This increasing interest in the role of free radicals in the pathogenesis of disease has led to an increased need for techniques to measure free radicals and their reactions in vivo and, most importantly, in the clinical situation.

Several problems arise when considering measurement of free radicals (Cheesman and Slater, 1993): First the ultra-short half-life of these radicals (usually measured in microseconds). Second any free radicals produced in vivo react at or close to their source of formation. Hence, the methods devised to quantitate free radicals are more or less indirect (Slater, 1984; Pryor and Godber, 1991). A third problem is that many of these end products are in themselves reactive although to a lesser degree. Last but not least, the only samples that are readily available for clinical practice are blood, urine and expired breath. It is completely impossible for a free radical that is produced in an internal tissue, having a half-life measured in microseconds to diffuse to the blood. In order to overcome these problems the following methods are used:

Electron spin resonance and radical trapping:

The only analytical technique that directly measures free radicals is electron spin resonance spectrometry. However, it is relatively insensitive and requires steady-state concentrations of free radicals in the micromolecular range; thus it is very limited for use in vivo. Spin trapping involves the addition of a compound known as a spin trap, that reacts rapidly with free radicals to form radical-adducts that are very much more stable and longer lived than the original species (Cheesman and Slater, 1993).
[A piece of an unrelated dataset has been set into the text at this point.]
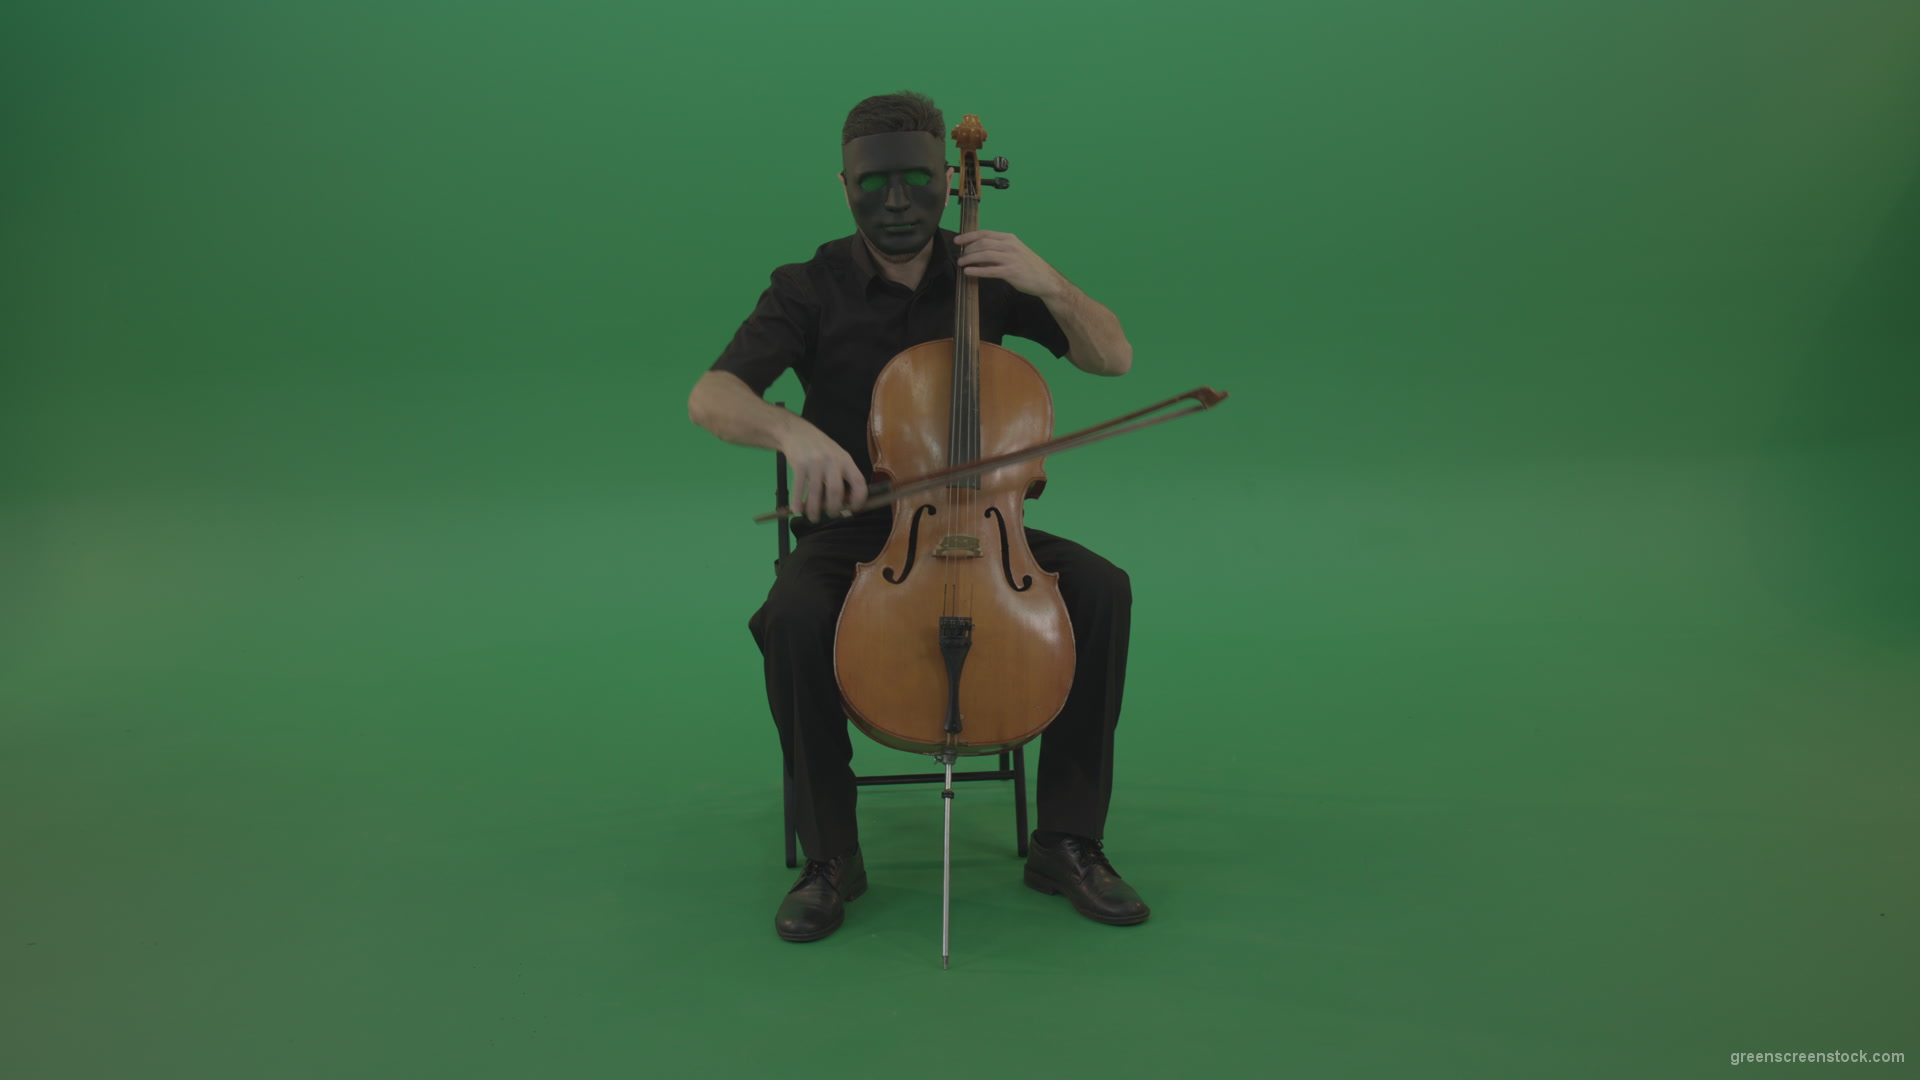 Full-size-man-in-black-wear-and-mask-play-violoncello-cello-strings-music-instrument-isolated-on-green-screen_002 Green Screen Stock

An alternative technique for trapping free radicals produced by cells, organelles and perfused organs is by measuring the non-radical products produced when free radicals attack aromatic compounds. These substances are not produced normally hence their presence is evidence of hydroxyl radical production (Grootveld and Halliwell, 1986). These methods like ESR spin trapping can only produce semi-quantitative data.

Measurement of DNA damage:

Free radical species such as ?OH can produce irreversible DNA modification of DNA bases; theoretically a large number of products are possible but relatively few have been detected in biological systems.

Among these the major products of ?OH with thymine is thymine glycol and guanine is 8-hydroxy-guanine. These DNA products are eliminated by repair enzymes (excision enzymes & glycolases) and are excreted in urine either as the free base or as the nucleoside derivatives, thymidine glycol and 8-hydroxydeoxyguanosine. The latter products can be used as an index of radical attacks against DNA (Cathcart et al. 1984). This method is limited by several considerations including the obscurity of the tissue of origin of the products.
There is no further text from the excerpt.